Increased deductions under Section 80D
The demand for higher deduction limits under Section 80D has also gained traction.
"We recommend increasing the health insurance deduction to Rs 50,000 for individuals and Rs 1,00,000 for senior citizens. Including tax exemptions for contributions to Health Savings Accounts can help people manage rising healthcare costs," Gupta added.
G Srinivasan, MD & CEO of Galaxy Health Insurance, echoed this view. "The Section 80D limits need to be increased to Rs 50,000 for all and Rs 1,00,000 for senior citizens. Moreover, this should be extended to the new tax regime to enhance insurance penetration."
Srinivasan also urged changes to Rule 6E, which currently allows only 50% unexpired premium reserve calculations. "Switching to the 1/365 method, as permitted by Irdai, would align with modern financial practices."
Rule 6E determines how insurance companies calculate the money they must set aside (reserve) for policies that are still active but haven’t reached their full term. Currently, this rule allows companies to set aside only 50% of the total premium for the period that hasn’t yet expired, regardless of the actual duration left.
Current method (50% rule):
Imagine a policyholder pays Rs 12,000 for a one-year health insurance policy (Rs 1,000 per month).
If the policy has six months remaining, Rule 6E allows the insurer to reserve 50% of the premium as an unexpired premium reserve.
50% of Rs 12,000 = Rs 6,000.
This method doesn’t accurately reflect the actual time left on the policy.
Proposed method (1/365 method):
The 1/365 method, already approved by Irdai, calculates reserves more precisely based on the actual days left in the policy.
Using the same example, if six months (182 days) remain, the insurer would reserve money for exactly those days.
182/365 × Rs 12,000 = Rs 5,985.
This approach aligns better with global accounting practices and ensures that reserves are based on the actual duration left in the policy, making it fairer and more transparent. With this, insurers can also manage their finances more effectively and provide a clearer picture of their liabilities.
Reforming taxation of annuities
Another key demand is revisiting the taxation structure for pension and annuity products.
"Taxing annuity income along with the principal discourages retirement planning. Exempting this income could promote wider adoption of retirement-focused products," Gupta noted.
Health Regulator
Another expectation is the creation of a health regulator. Tapan Singhel, MD & CEO of Bajaj Allianz General Insurance that the rising medical inflation, fueled by escalating hospitalisation costs, presents a challenge for insurers, who can only adjust their product prices every three years.
“Medical inflation can increase substantially during this period—sometimes by nearly 15%. To combat this, it’s crucial to establish pricing consistency at the hospital level," said Singhel.
Optimism for sector growth
Shilpa Arora, Co-Founder and COO of Insurance Samadhan, outlined her hopes for Budget 2025.

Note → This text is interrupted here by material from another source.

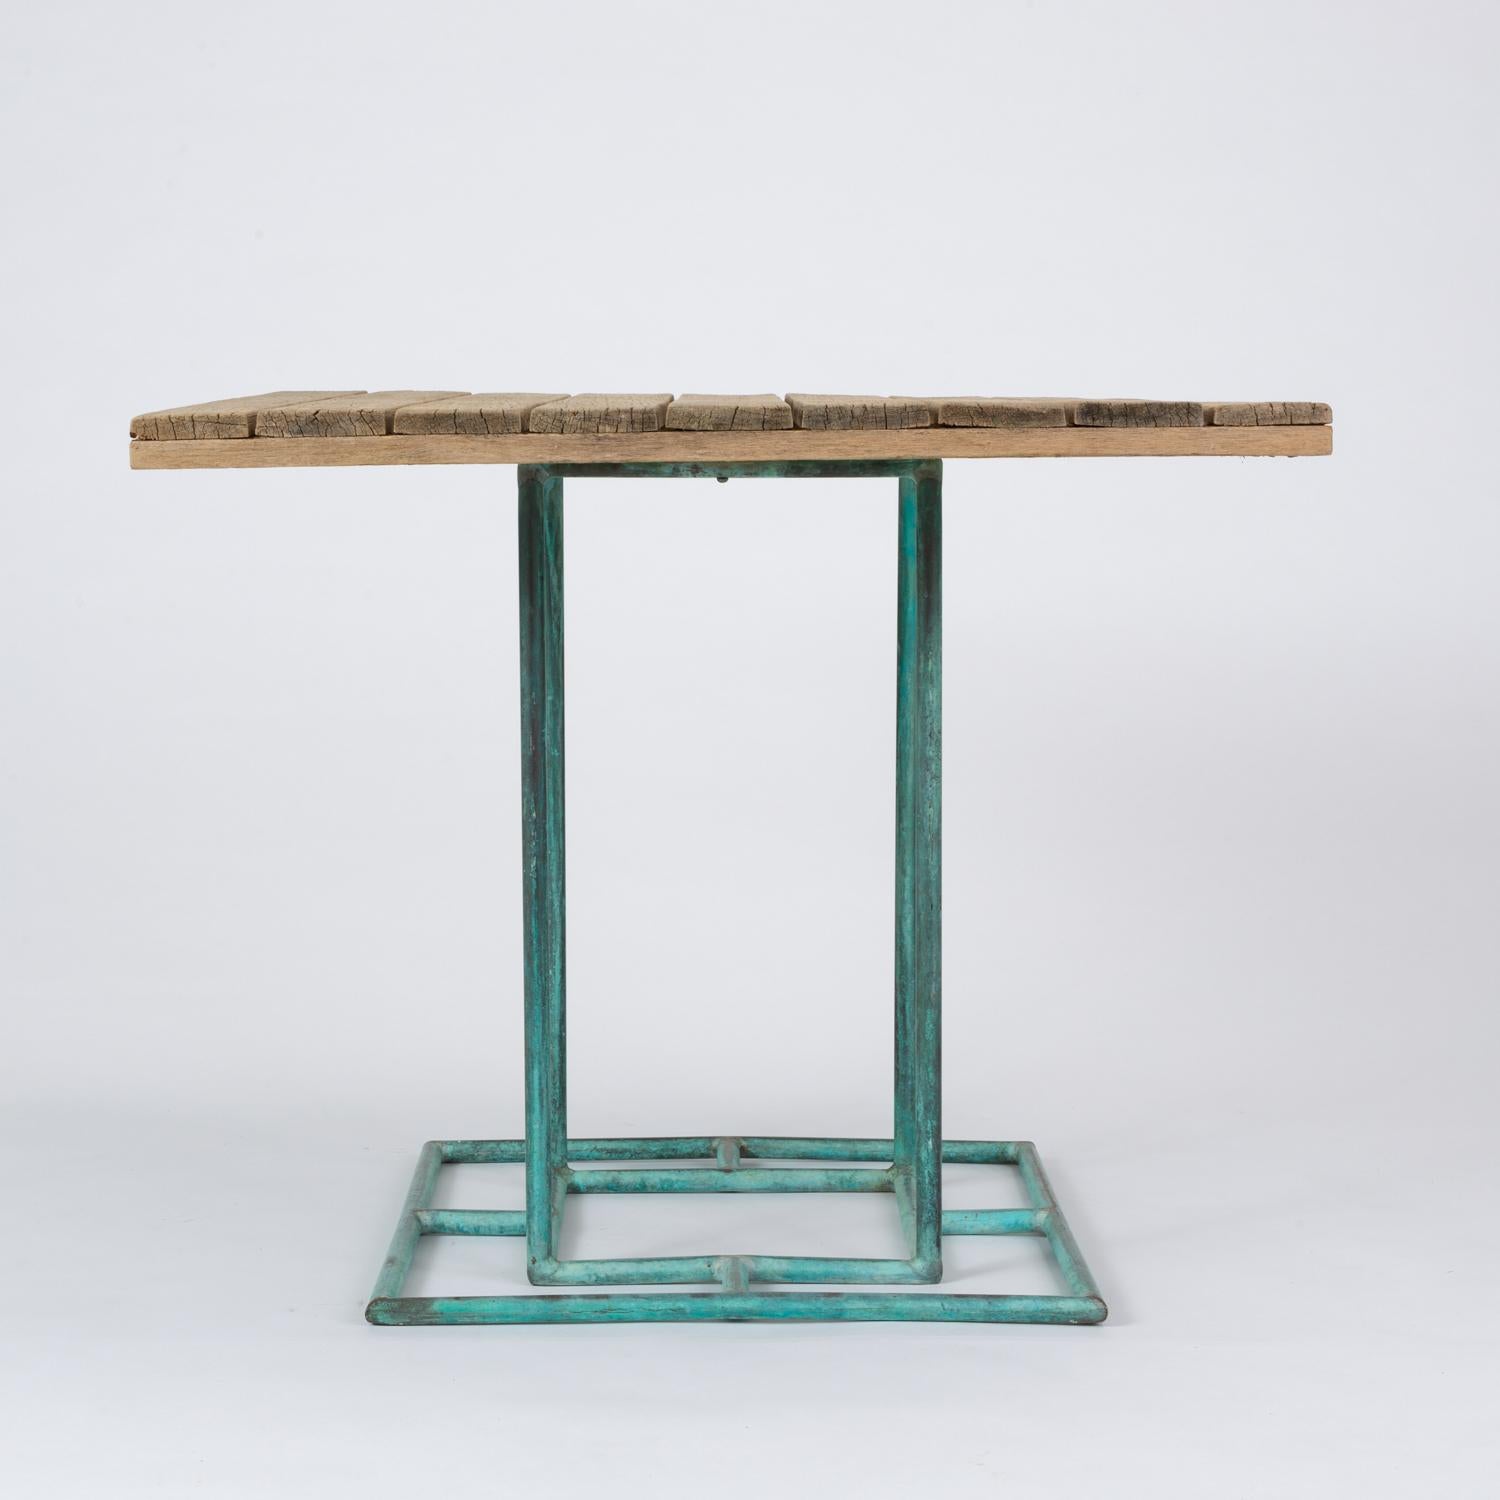 American Bronze Patio Dining Table with Square Wooden Top by Walter Lamb for Brown Jordan

"India's insurance sector grew steadily in 2024, driven by increased awareness and innovative products. However, challenges like medical inflation and GDP underperformance persist," Arora said.

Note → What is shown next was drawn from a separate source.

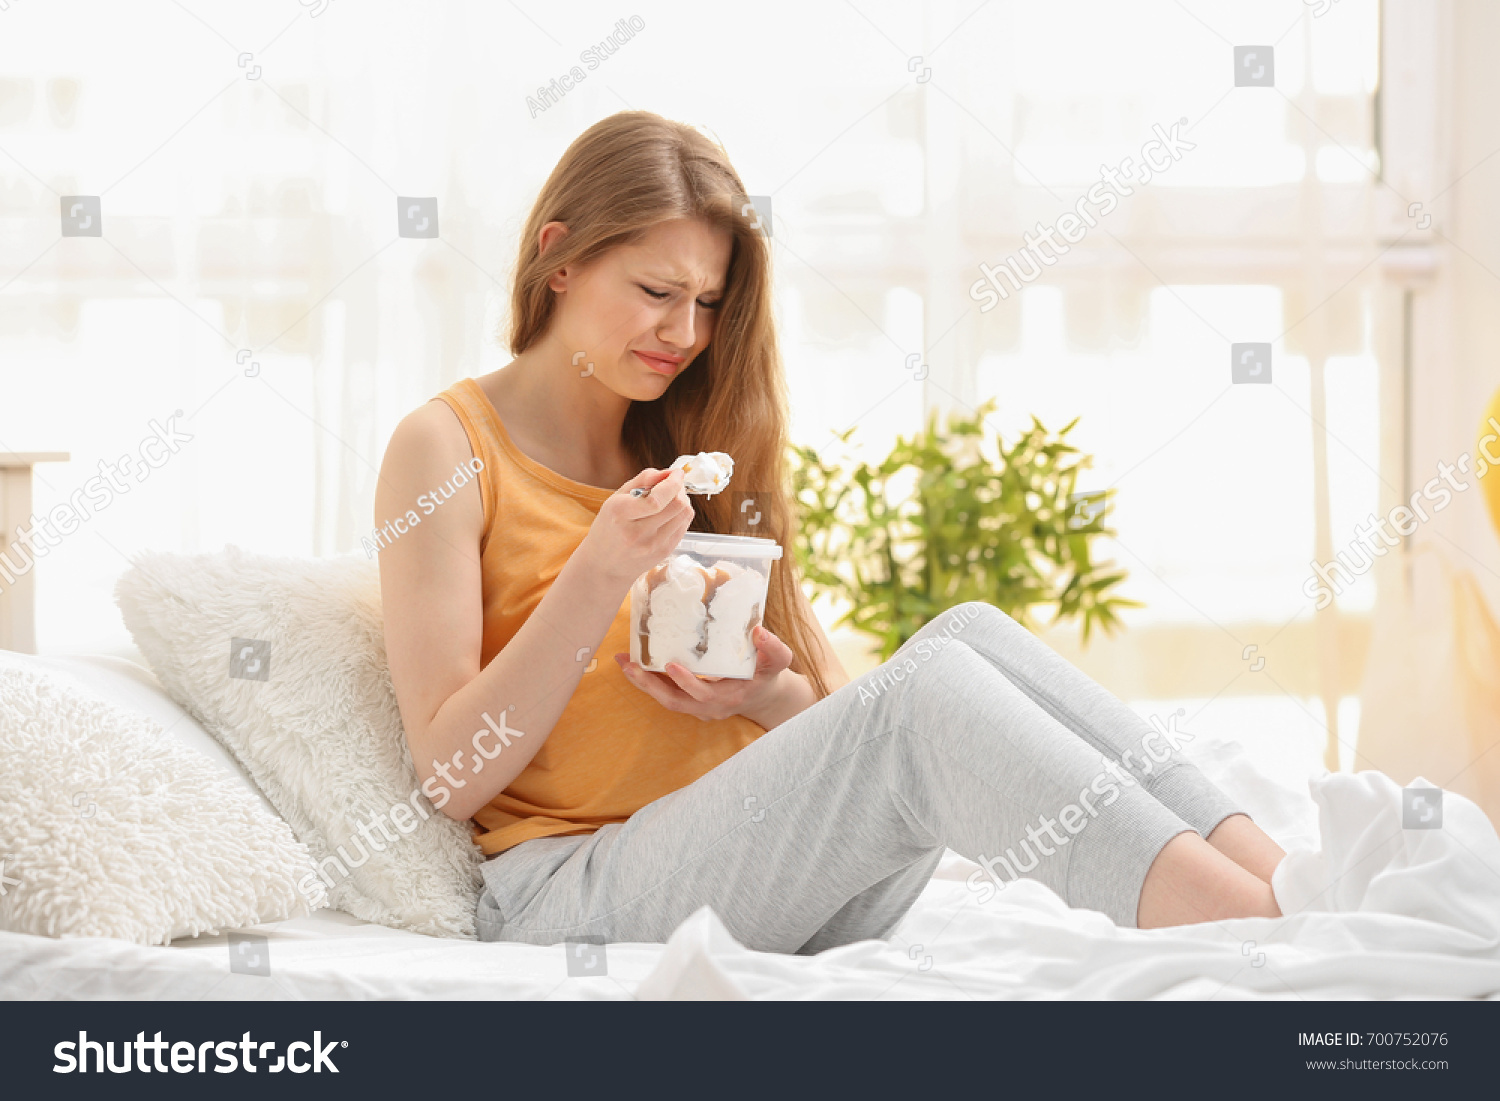 Emotional pregnant woman eating ice-cream in light room. Pregnancy hormones concept #700752076

She pointed out that with 57 insurers operating in the country and $6.5 billion in investments attracted over the past nine years, the sector is poised for further expansion. "The government's 100% FDI allowance could spur competition and innovation, but rationalising GST rates and introducing tax incentives are essential to maintaining this momentum."
Citing Irdai's "Insurance for All" vision for 2047, Arora said, "I expect measures to improve affordability, particularly for the middle class, and to make insurance more rural-focused."